DLB: I’ve not heard anything from any administrator at Pasadena City College. Nothing — no apology, no explanation. They put out that statement explaining that they have a broken system of some sort, but it really doesn’t explain the disinvitation. There’s no rationale for why not and we still don’t have that.

I think it’s rather clear if you read those emails [cited in the L.A. Times story]. … My legal team is in talks with their legal team right now. That’s happening, because you know, there are damages and costs — that’s really just about making sure we’re compensated — my team is compensated. Flights are refunded and all that sort of thing.

KA: What does your interest in rectifying this situation have to do with your activism in a broader sense?

DLB: Well, I know exactly what it’s like to be a student at Pasadena City College. When I was at Pasadena City College, I was struggling. Financially, my family was in a tough spot and I had to work very hard to be able to pay my rent and keep going to [PCC]. … You need all the support you can get, because for so many students there, the dream is to get into a four-year school. And that’s hard work. I was trying to get into UCLA film school, very competitive, and I did.

And what they don’t need is — especially the gay and lesbian students there — is to be at an institution where it’s so clear there’s an atmosphere where the administrators are seeing them somehow inferior or ‘less than.’ That they are held to a higher standard — a very different standard. I mean, I don’t know if it’s activism — it’s personal. If you see someone drowning, if you see someone in harm’s way, I was taught — my mom taught me, the Mormon church taught me — you reach out and help.

And so you know it seems that the atmosphere at Pasadena City College is discriminatory and toxic and dishonest. And I just — I care so much about that school — if you ever ask anybody, I mean I love UCLA, but people would say, “Would you ever do something for a school?” And I’ve said yeah, but I think it’s Pasadena City College that I would make a donation for, do a fundraiser for, help start a school at. It’s that place that saved me — it was a safety net for me when I desperately needed it, and it worked.
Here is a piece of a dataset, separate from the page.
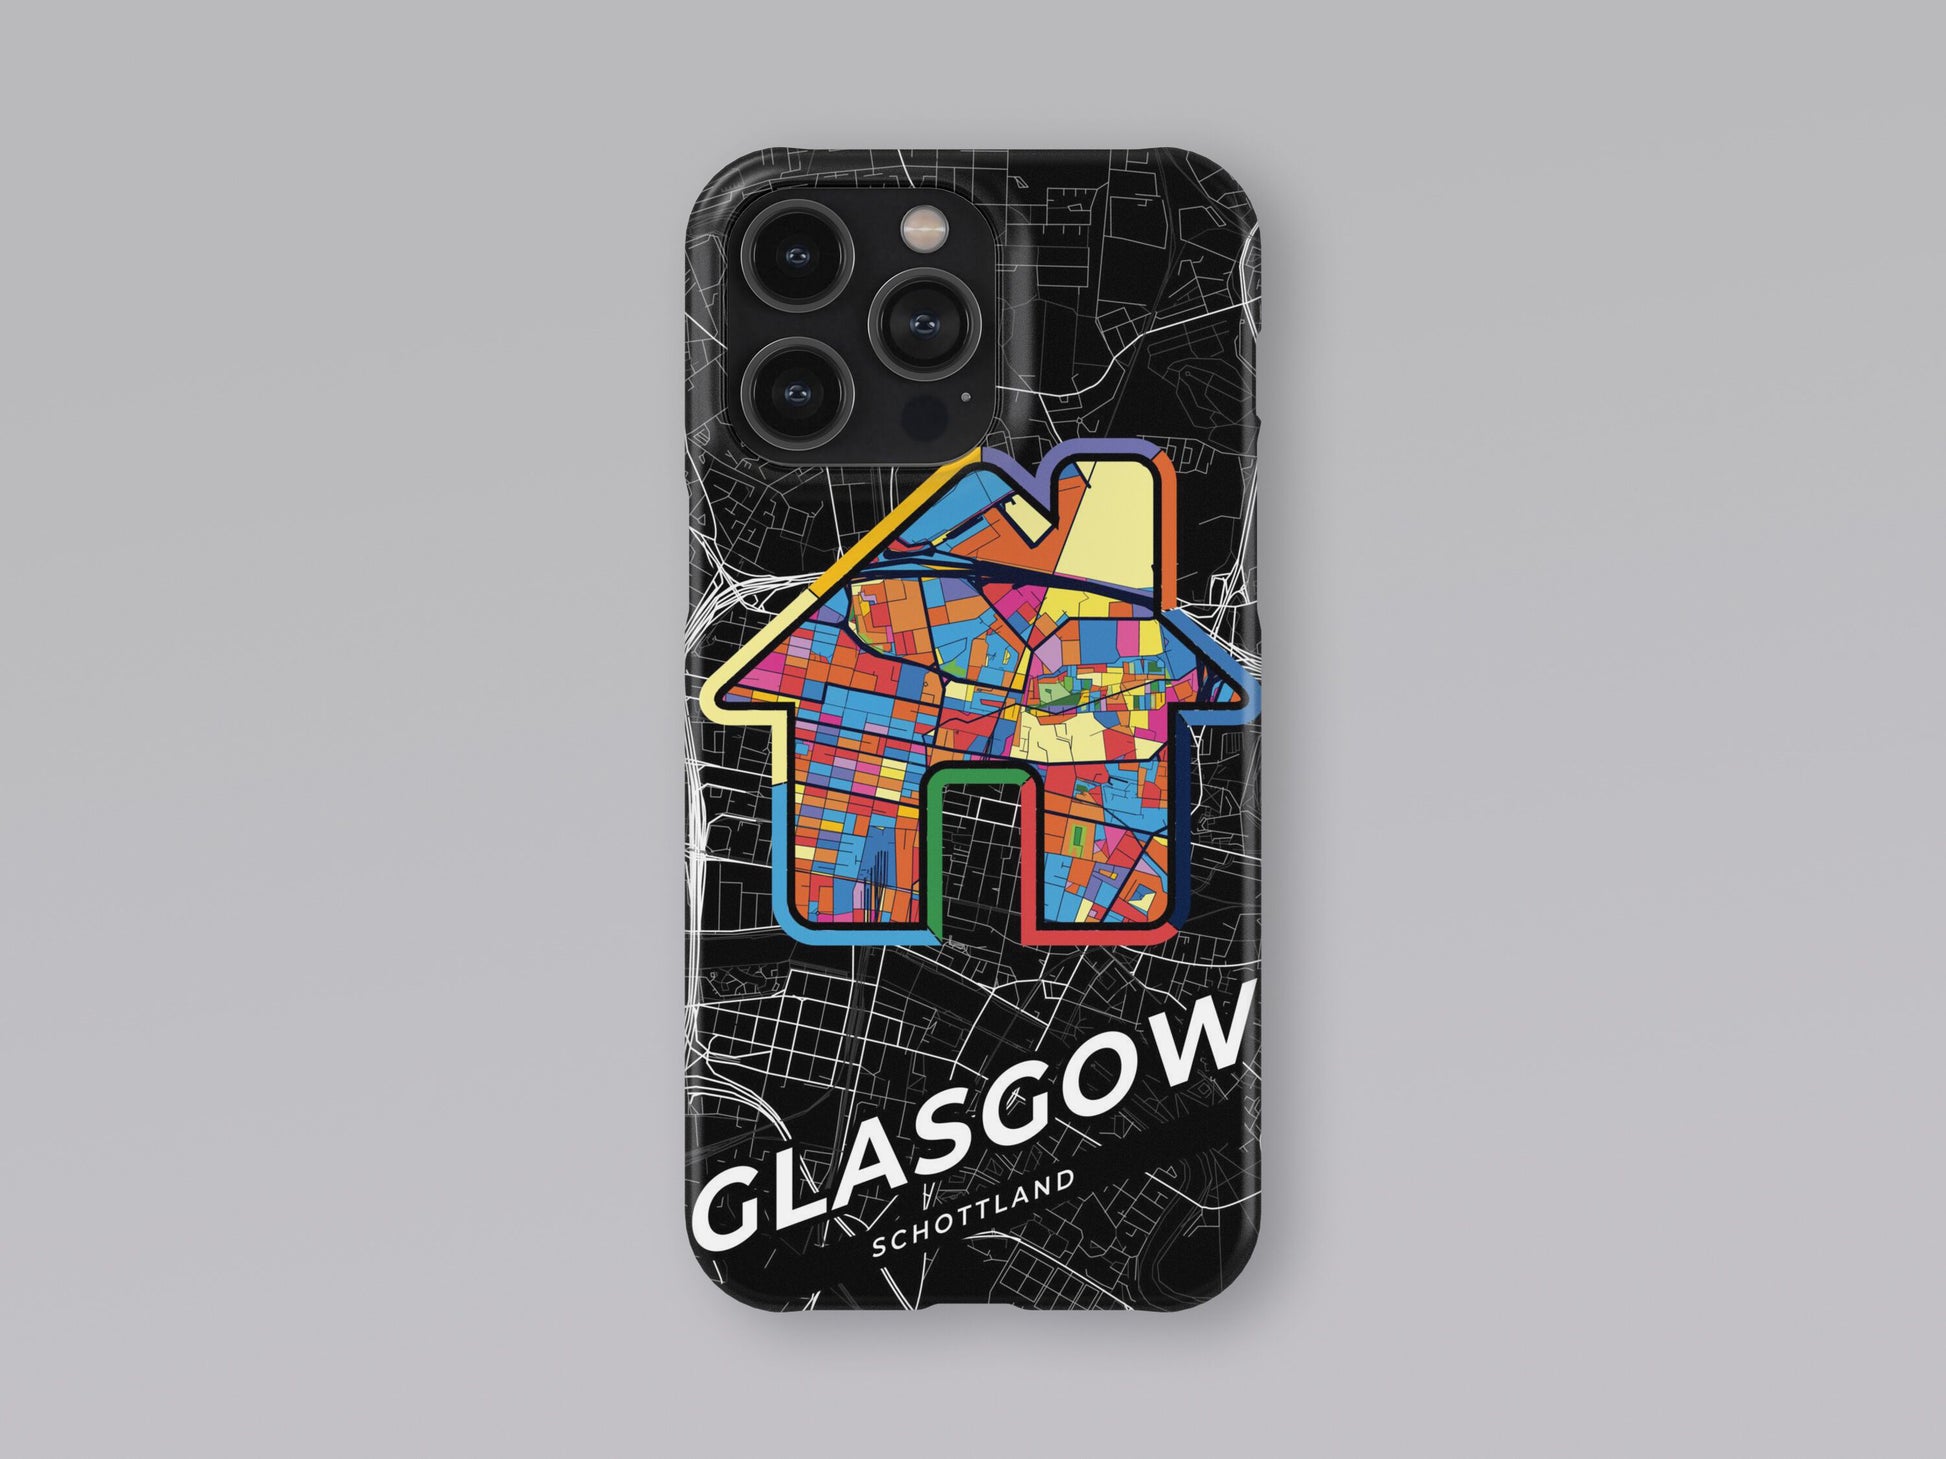 Glasgow Scotland slim phone case with colorful icon. Birthday, wedding or housewarming gift. Couple match cases. 3

So I care about it a great deal, and the students so far have been so supportive, and they’ve been asking for help, they’ve been saying, “Don’t let it go, help us fix our school.” So I haven’t given up. I think it’s the No. 2 in terms of transfers to four-year schools in California. So we should make it better, not let it fall into this sort of disarray.

Every time I think [this story’s] over … there’s another wrinkle.

* * *

A meeting between Rocha and the board about the commencement controversy was scheduled to take place Wednesday evening. Should the assembled officials decide to take Associated Students President Jordyn Orozco’s lead and invite Black back, that action would be supported by several other PCC student and faculty groups, including Students for Social Justice, the Queer Alliance and the Safe Zone Coalition.

Black has also helpfully kept his booking to fly to the States that weekend, but he’s made some other important plans for that trip in the meantime: “I’m going to see my mom in Washington, D.C., and go give a speech in Chicago,” he said.

A call to Rocha had not been returned by press time.